One more thing. I asked Happy, a Rwandan man whom Jaya befriended on her last trip over here, what the role of the father is in this culture. “Is the father involved in raising the child?” He said that the father’s responsibility is to provide, not to raise and nurture children. He said that if a Rwandan man walked the streets as I did the other evening with a baby in his arms, people around him would say, “He’s turned American.” I said that I had wondered about that when my walk draw the attention of everyone. Happy chuckled, “Men here, unless maybe they’re highly educated, don’t participate much in raising children. The man tells the child to do something, and the child does it. ‘Go to bed! You go to bed.’ ‘You can’t go out! You don’t go out.’ ‘Do this job! You do that job’ ‘Don’t you cry! You don’t cry!’ No, the men here don’t do the children so much. But they do know about you American men.”
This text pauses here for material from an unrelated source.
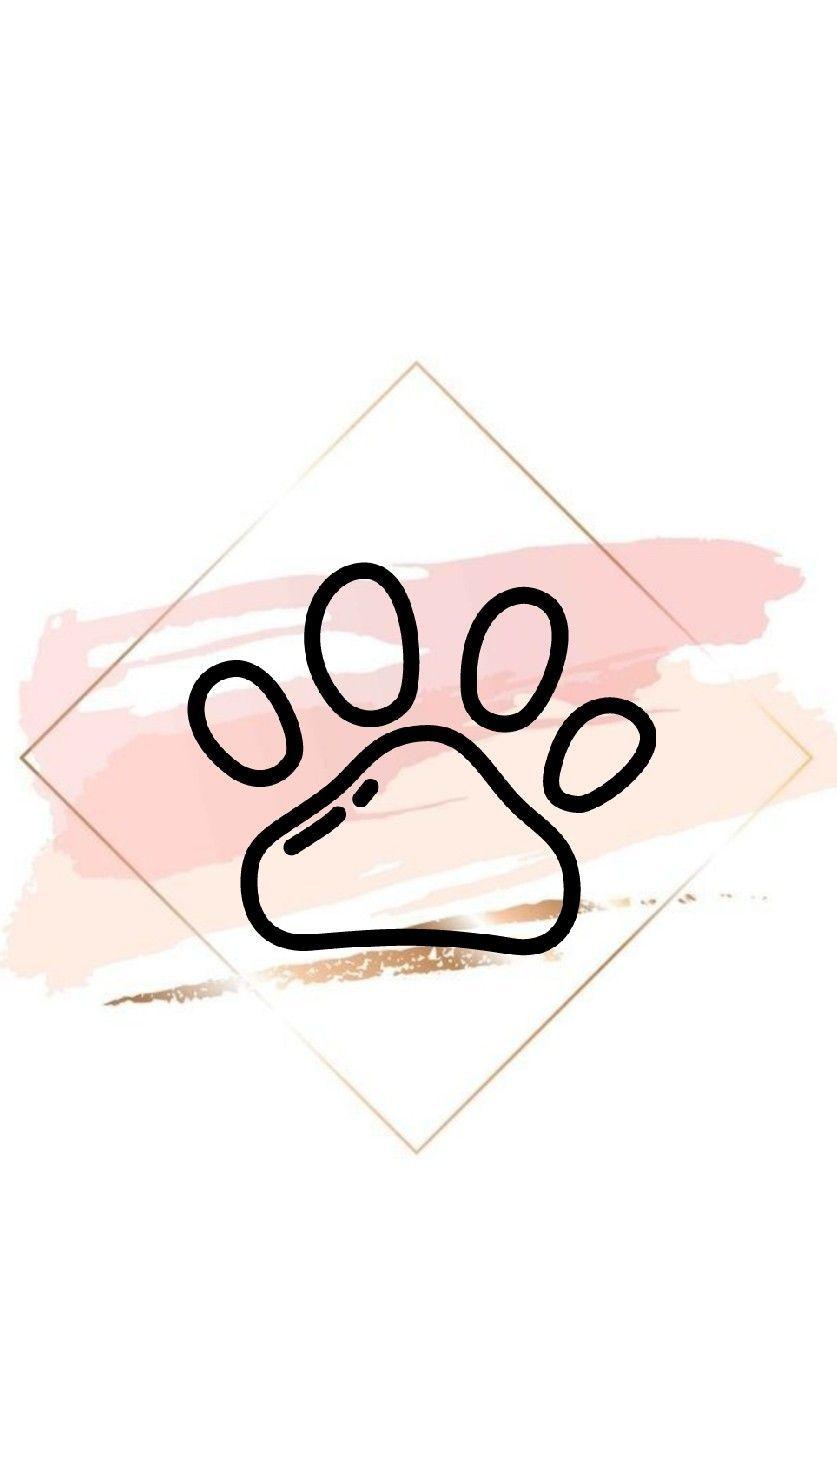 486c3591 Hd Wallpaper Instagram Highlight Icons Pink Instagram Instagram Logo

Alright, I’m out of here, but not before acknowledging all the loving messages people out there have been sending. They’re blessing us for sure, helping us to feel supported and connected. And Esther, wow! Thank you for the beautiful bouquet. We love you! All of you.

Papa Scott

Photos you've been asking for


So it takes about 30 minutes here to upload one photo, and beyond being infuriating, it has also just simply not been do-able due to our hectic schedule. But here goes, I will try to see how far I get for you all.


The road to the orphanage


Outside the orphanage gate before meeting Pacifique for the first time


Ahhhh... finally.....


All together outside the doctor's office



Happy Father's day!!!

More to come later... but for all of you who are wondering, we passed court yesterday! Scott spent three ours writing about it, but it is in the ethers now... needless to say, he is our son, but we cannot leave the country with him until we get the letter from the Minister and the Rwandan visa. No idea how long this will take, but it could be a while. We are on African time... Court was a trip- sitting there with Rwandans in pink gowns (picture hospital gowns) which inicate they are criminals. Adopting a baby all in french with inmates present to witness! Whatever- the point is, it is all moving along and for real this time. Going to pick up Pacifique now, more later.

We have an itouch now and can read all your posts and encouragement and tears immediatley here at the hotel. How wonderful the technology is. Your words and hearts are bring us to tears constantly. It is so meaningful, bless you all!